ABOUT THIS TASK: Search the data for the string "wallpaper" and copy each line where it turns up.

Stored records:
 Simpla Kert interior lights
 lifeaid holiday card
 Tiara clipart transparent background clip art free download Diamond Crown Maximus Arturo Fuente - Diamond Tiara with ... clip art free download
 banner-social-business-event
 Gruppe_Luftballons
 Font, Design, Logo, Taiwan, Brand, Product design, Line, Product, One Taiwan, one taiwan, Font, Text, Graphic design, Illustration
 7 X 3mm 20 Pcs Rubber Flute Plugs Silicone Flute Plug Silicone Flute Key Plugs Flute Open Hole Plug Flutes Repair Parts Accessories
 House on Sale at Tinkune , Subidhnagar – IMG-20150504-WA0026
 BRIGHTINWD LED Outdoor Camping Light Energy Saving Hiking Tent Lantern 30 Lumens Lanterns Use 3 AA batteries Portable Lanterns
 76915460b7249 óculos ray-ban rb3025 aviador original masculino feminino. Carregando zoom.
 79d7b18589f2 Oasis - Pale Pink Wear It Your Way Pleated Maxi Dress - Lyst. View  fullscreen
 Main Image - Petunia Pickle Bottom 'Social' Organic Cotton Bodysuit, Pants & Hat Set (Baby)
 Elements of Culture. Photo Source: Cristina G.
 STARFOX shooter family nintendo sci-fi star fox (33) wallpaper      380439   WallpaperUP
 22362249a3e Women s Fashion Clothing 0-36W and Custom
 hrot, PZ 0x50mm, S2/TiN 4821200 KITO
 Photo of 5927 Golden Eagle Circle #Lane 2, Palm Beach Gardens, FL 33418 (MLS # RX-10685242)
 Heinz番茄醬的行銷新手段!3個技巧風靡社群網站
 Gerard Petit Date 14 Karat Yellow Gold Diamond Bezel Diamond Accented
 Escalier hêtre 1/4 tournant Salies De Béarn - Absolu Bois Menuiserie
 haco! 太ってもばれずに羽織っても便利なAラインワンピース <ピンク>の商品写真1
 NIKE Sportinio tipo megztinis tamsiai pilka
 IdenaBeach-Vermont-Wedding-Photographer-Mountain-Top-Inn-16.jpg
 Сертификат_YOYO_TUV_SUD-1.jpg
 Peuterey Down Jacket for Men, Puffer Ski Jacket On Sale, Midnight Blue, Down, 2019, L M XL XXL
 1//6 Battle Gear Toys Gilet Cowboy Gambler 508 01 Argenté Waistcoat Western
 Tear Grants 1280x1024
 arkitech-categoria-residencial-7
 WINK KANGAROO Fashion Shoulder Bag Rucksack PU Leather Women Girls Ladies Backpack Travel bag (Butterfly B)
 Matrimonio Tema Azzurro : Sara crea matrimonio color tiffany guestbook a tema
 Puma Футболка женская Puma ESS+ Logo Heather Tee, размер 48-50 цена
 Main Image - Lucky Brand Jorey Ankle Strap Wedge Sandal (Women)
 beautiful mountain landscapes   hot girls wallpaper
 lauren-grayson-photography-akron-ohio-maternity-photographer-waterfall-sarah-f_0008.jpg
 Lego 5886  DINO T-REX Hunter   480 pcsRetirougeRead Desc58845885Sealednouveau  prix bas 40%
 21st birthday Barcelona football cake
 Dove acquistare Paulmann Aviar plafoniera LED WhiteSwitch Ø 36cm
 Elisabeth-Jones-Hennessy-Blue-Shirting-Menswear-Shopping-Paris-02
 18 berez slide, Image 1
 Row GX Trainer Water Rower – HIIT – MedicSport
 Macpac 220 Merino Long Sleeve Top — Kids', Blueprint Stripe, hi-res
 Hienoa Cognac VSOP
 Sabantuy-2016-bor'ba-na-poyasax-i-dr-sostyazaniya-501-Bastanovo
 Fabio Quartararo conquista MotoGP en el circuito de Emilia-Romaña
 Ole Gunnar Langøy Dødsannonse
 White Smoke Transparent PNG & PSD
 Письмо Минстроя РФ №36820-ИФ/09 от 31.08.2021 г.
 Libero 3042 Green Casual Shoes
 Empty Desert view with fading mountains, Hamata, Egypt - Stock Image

EXERCISE OUTPUT:
 STARFOX shooter family nintendo sci-fi star fox (33) wallpaper      380439   WallpaperUP
 beautiful mountain landscapes   hot girls wallpaper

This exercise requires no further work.